Als Einstieg wählt Wächter einen Überblick über theoretische Grundlagen der Fotografie, wie Farbtemperatur, Weißabgleich, Blitzleitzahl oder Belichtungszeiten. Die ganz grundlegenden Informationen zu Brennweite oder Schärfe hätten jedoch als vorausgesetzt übersprungen werden können. Ähnliches gilt für die Kapitel Zwei und Vier, in denen die Bedienung einer Canon-EOS-Kamera erklärt wird und ausschweifend das Canon-Zubehör zum Blitzen aufgezählt wird – auch die Teile, die längst nicht mehr erhältlich sind. Da nahm der Dank des Autors für die Unterstützung von Canon wohl überhand.

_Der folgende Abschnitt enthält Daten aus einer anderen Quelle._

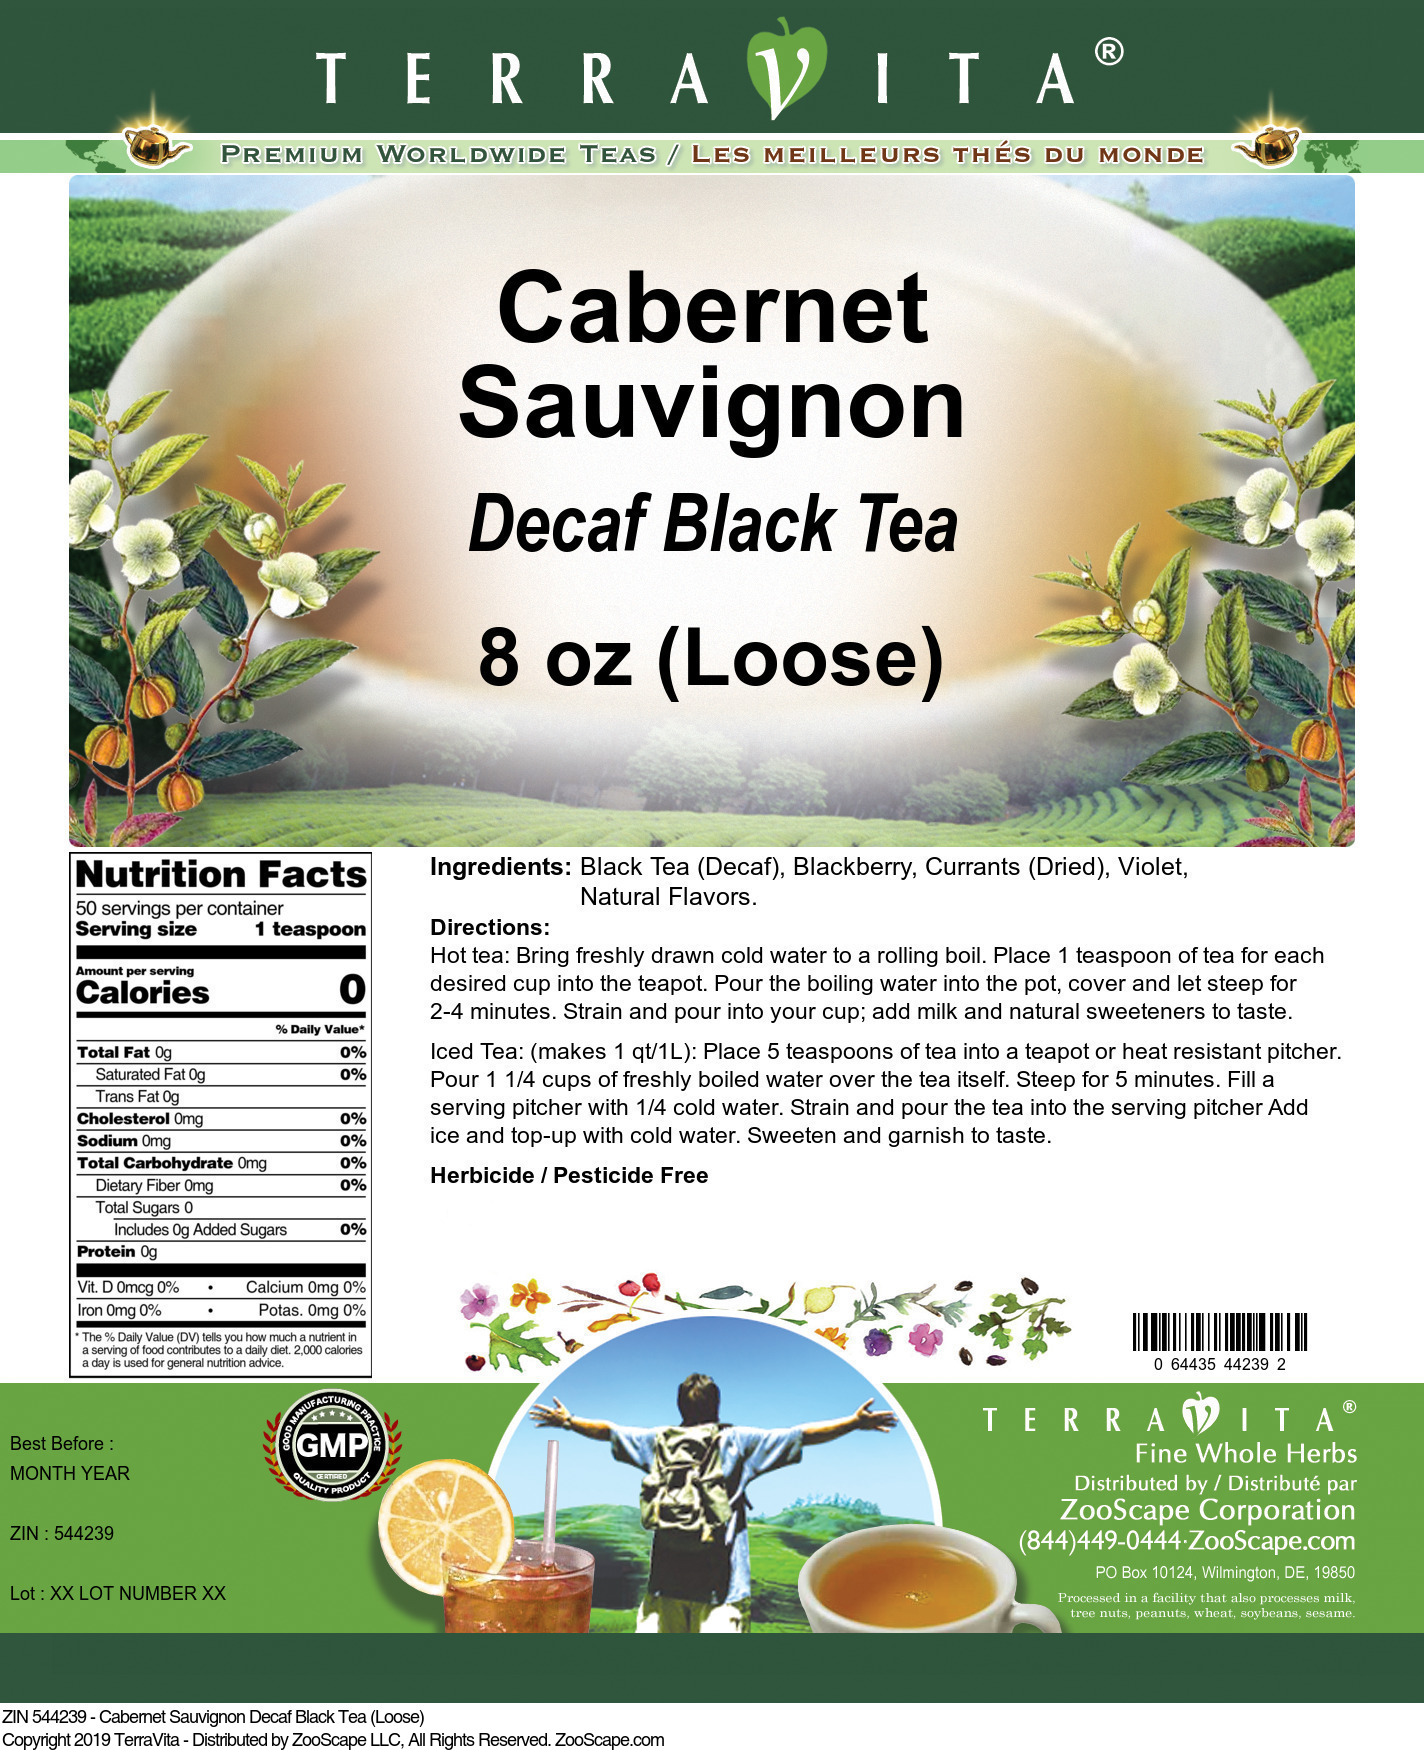 Cabernet Sauvignon Decaf Black Tea (Loose) - Label

Dieser lange Einstieg führt dazu, dass der gelunge Teil des Buches leider zu kurz geraten ist. In Kapitel Fünf werden die verschiedenen Blitzmöglichkeiten bei Vollautomatik, Programmautomatik ℗, Blendenvorwahl (Av), Zeitvorwahl (Tv) und dem manuellen Modus (M) erklärt. Diesen Abschnitt hatte ich schon früher gelesen und ich gebe zu, dass er der Auslöser war, mich wieder an das Blitzen mit dem Systemblitz zu wagen, nachdem ich die Bedienungsanleitung von Canon auch nach mehrmaligem Lesen nie richtig verdaut hatte. Hier wird der Nachteil des Buches deutlich: Dieses Kapitel hätte als Anleitung der Canon-Blitze mitgeliefert werden müssen und nicht Jahre später in einem eigenen Buch.

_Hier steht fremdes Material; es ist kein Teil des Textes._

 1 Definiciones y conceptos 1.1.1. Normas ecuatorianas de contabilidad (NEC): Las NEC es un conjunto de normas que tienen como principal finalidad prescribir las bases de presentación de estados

Im sechsten Kapitel wird Dirk Wächter endlich kreativ. Er verrät einige Tricks, wie mit dem kleinen Blitzgerät hoffnungslos scheinende Lichtsituationen gerettet oder überraschende Effekte erzeugt werden können. Wie bekommt man den Himmel bei Personenaufnahmen mit dem Blitz so satt dunkelblau wie in der Werbung? Psychedelische Lichteffekte? Mischlicht meistern? Alles kein Problem. Auch dieses Kapitel hätte weit ausführlicher behandelt werden dürfen. Zu oft verliert er sich in Details wie Anekdoten über Köche und Erbsen, statt zu mehr Bildern detaillierte Making-Ofs zu wie auf Seite 144 bringen. Immerhin liefert Wächter am Ende des Buches zu vielen Bildern die Aufnahmedaten wie Zeit/Blende, Objektiv, ISO-Wert und die grobe Blitzmethode.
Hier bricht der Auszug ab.